Как император, так и фюрер, плохо понимали суть своих противников, будь то целые народы или отдельные исторические лица. Меттерних был поражен необычными идеями Наполеона по поводу британцев и полным пониманием императором их институтов. Император резко выступал против олигархии, которая правила Англией, считая ее чем-то вроде венецианских патрициев. Британия, по его словам, была «нацией лавочников», а простой народ этой страны «грубым и неотесанным». Он приходил в ярость от оскорбительных для него статей, появлявшихся в лондонских газетах и регулярно прочитывавшихся ему секретарями. И в то же время он периодически мечтал о мире с Британией, хотя и понимал, что он вряд ли возможен. Мы уже видели, что он делал намеки на возможное примирение с британцами в Испании в 1812 году. Император также считал, что дела могли бы пойти совсем по-другому, если бы был жив Фокс. Он понимал, что среди вигов немного найдется симпатизирующих ему, да и те, что симпатизировали, делали это только из желания насолить правительству тори. В 1815 году он надеялся, и Тщетно, что принц-регент предоставит ему убежище. Понять британский характер ему так никогда и не удалось.

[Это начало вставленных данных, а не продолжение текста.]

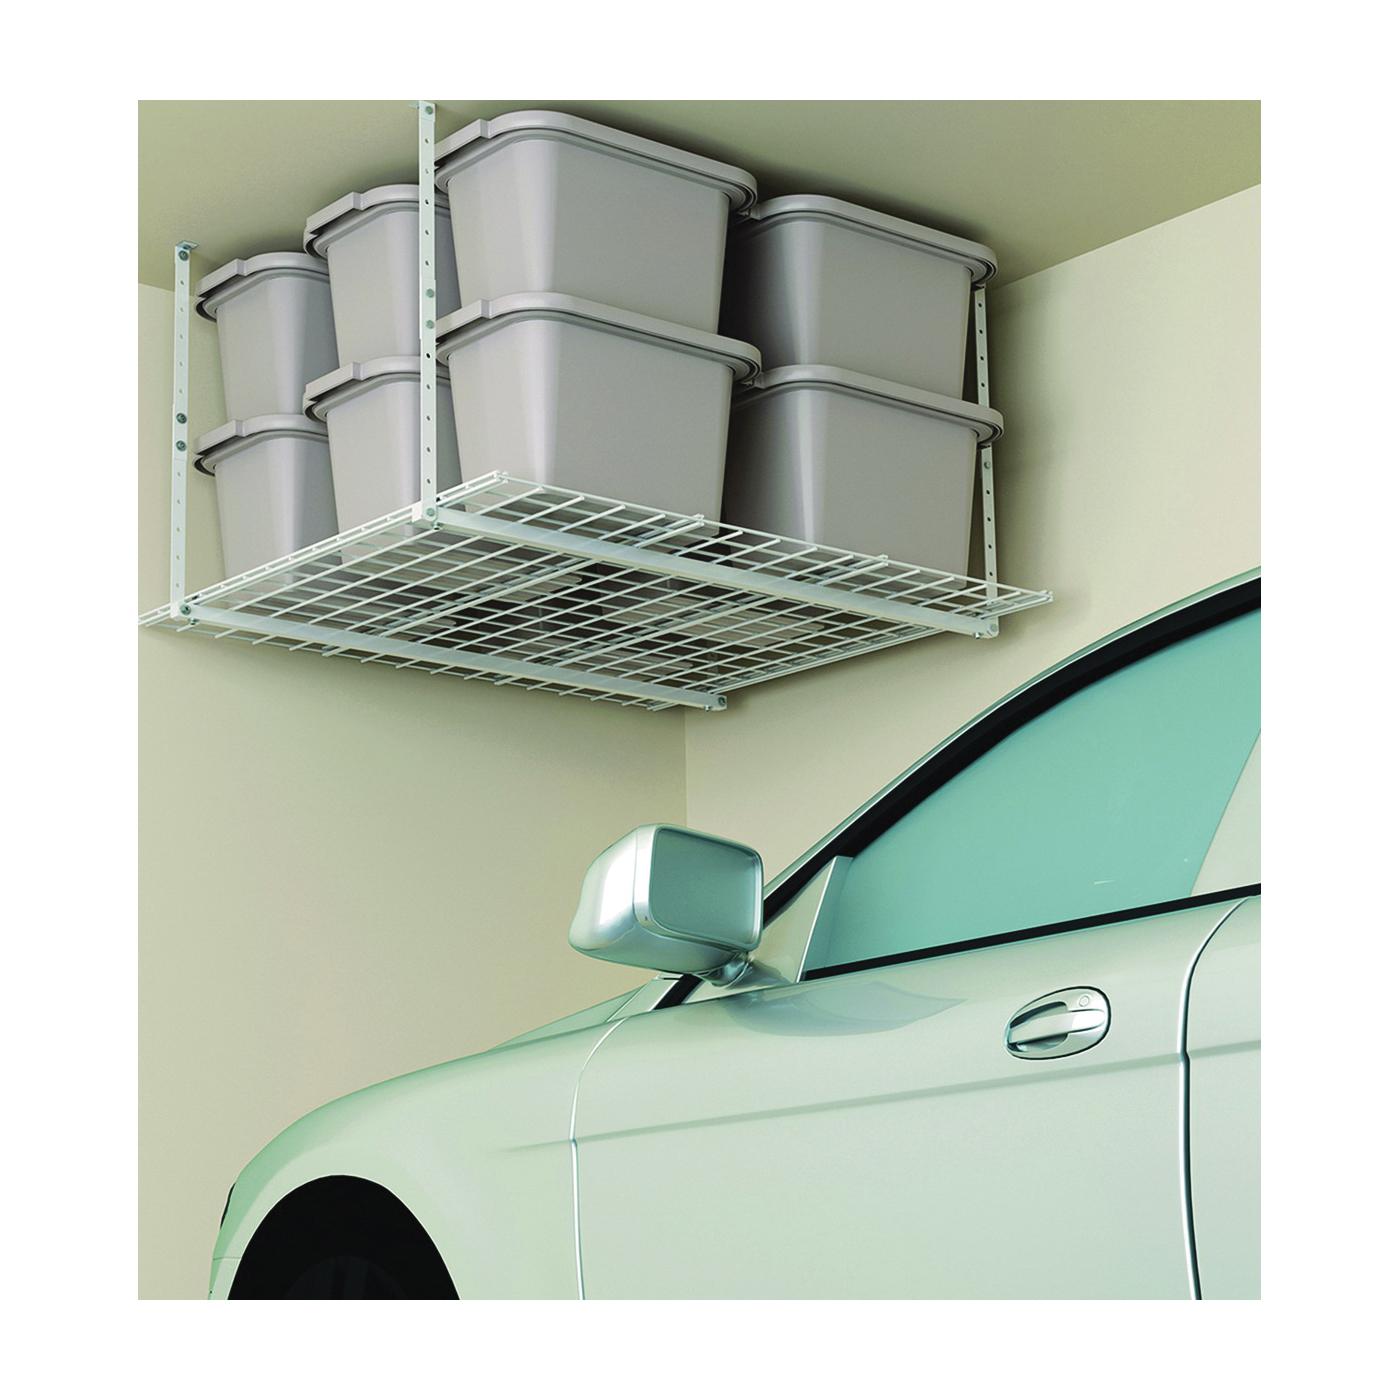 Picture of HyLoft 00540 Ceiling Storage Unit, 250 lb, Steel, White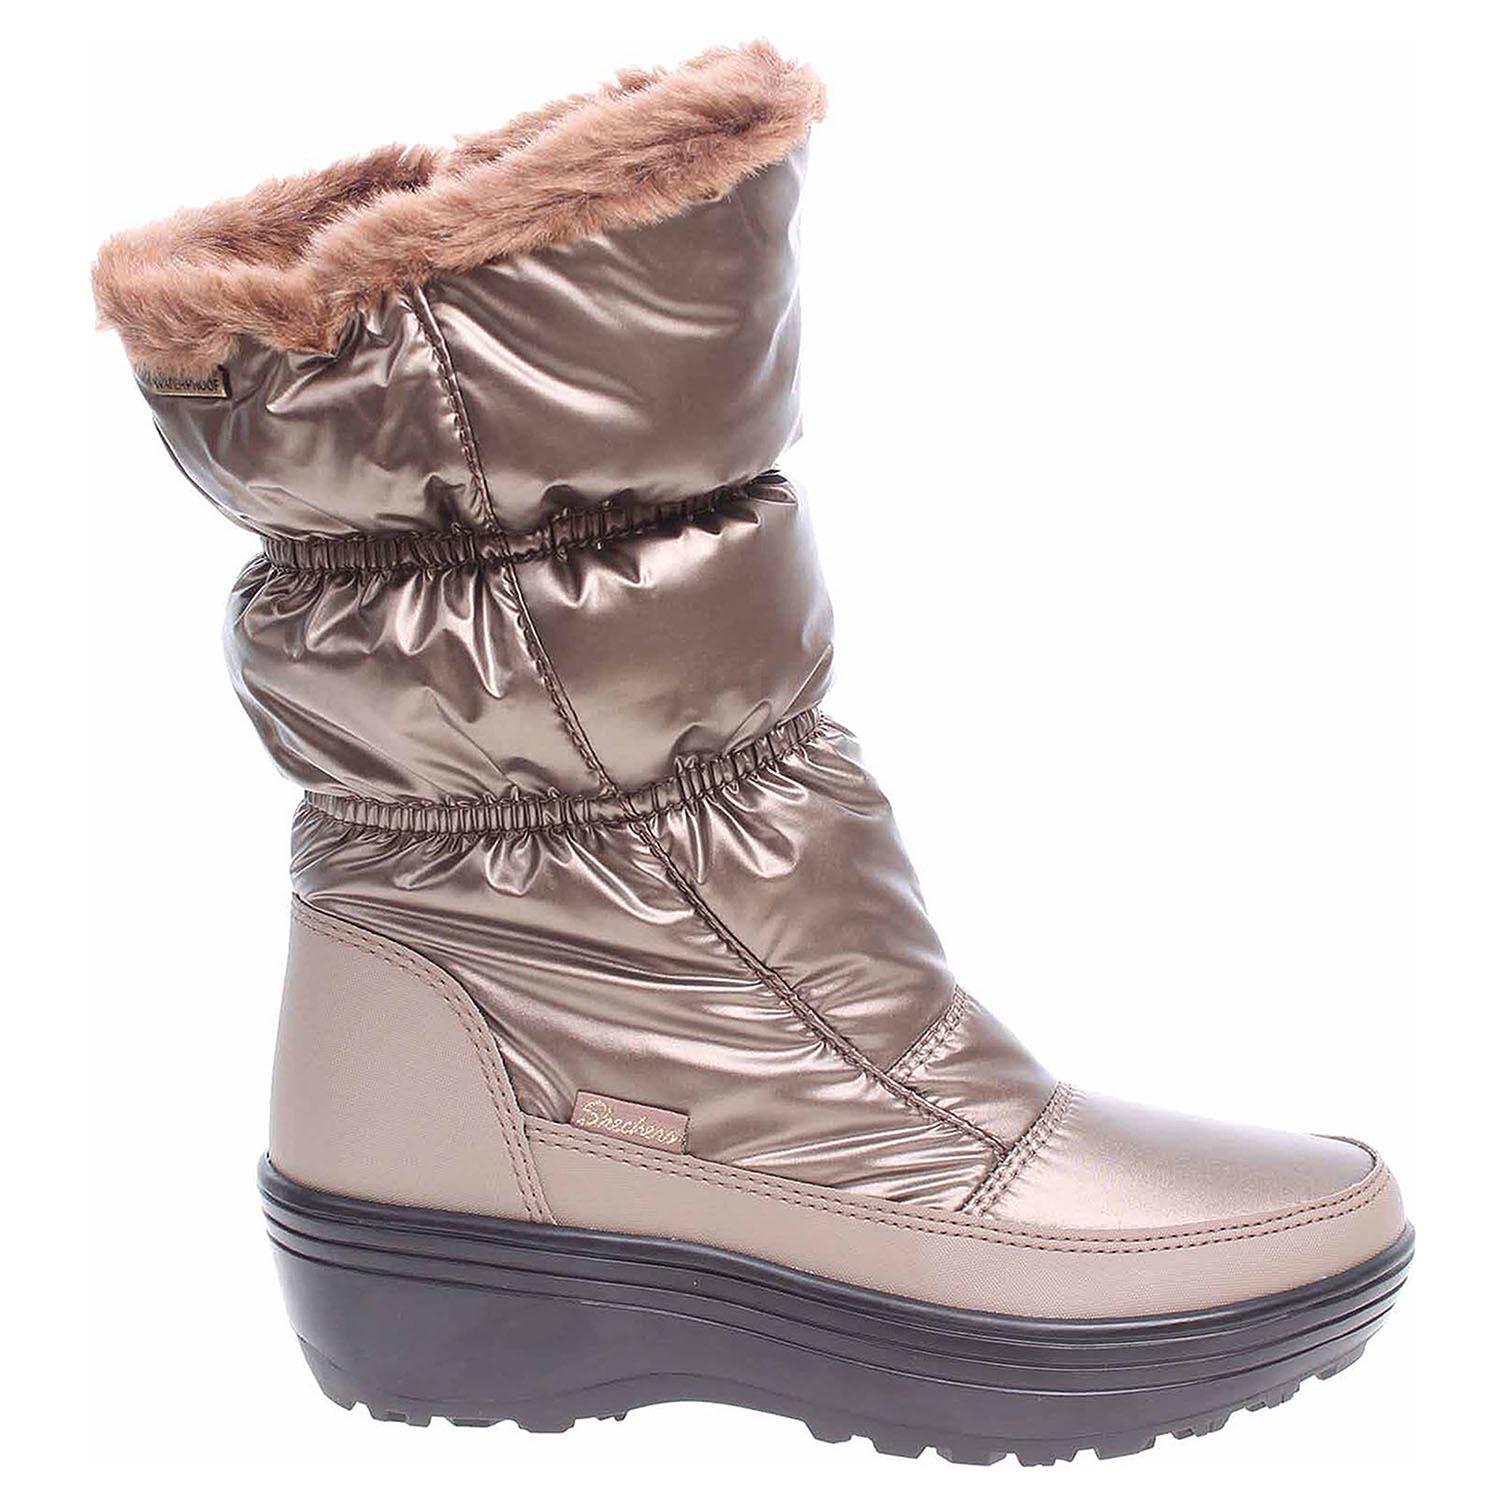 Skechers Alaska - Abyss bronze 49830 BRZ 40

Подобно императору, Гитлер до самого конца продолжал настаивать, что по-настоящему никогда не ссорился с Британией. Он также верил, что там у него есть друзья. Среди последних он особенно выделял сэра Освальда Мосли и его «чернорубашечников», которых считал «представителями лучших семей», а также престарелого Ллойд Джорджа, «человека потрясающей дальновидности», сказавшего ему однажды, что у Британии «нет другой альтернативы, как только жить в мире с Германией». Он лелеял наивные надежды на герцога Виндзорского: «Если бы он был на Троне, все было бы по-другому. Его смещение — ужасная потеря для нас». Гитлер не мог понять, как британцы «смогли отказаться от такого столпа власти». (В 1944 году Геббельс жаловался Вилфреду фон Овену, что «если бы Эдвард Виндзор был сегодня на троне, то, даже если допустить, что при его правлении Британия и ввязалась бы в эту войну, он давно бы уже сделал решающий шаг и два наших народа сражались бы лицом к лицу против общего врага — большевизма, а не раздирали друг друга на части». По словам Геббельса, «Эдвард никогда не позволил бы этому ужасному спектаклю стать реальностью». (До фюрера не доходила незначительность политической роли монархии в Великобритании, и он не понимал герцога.)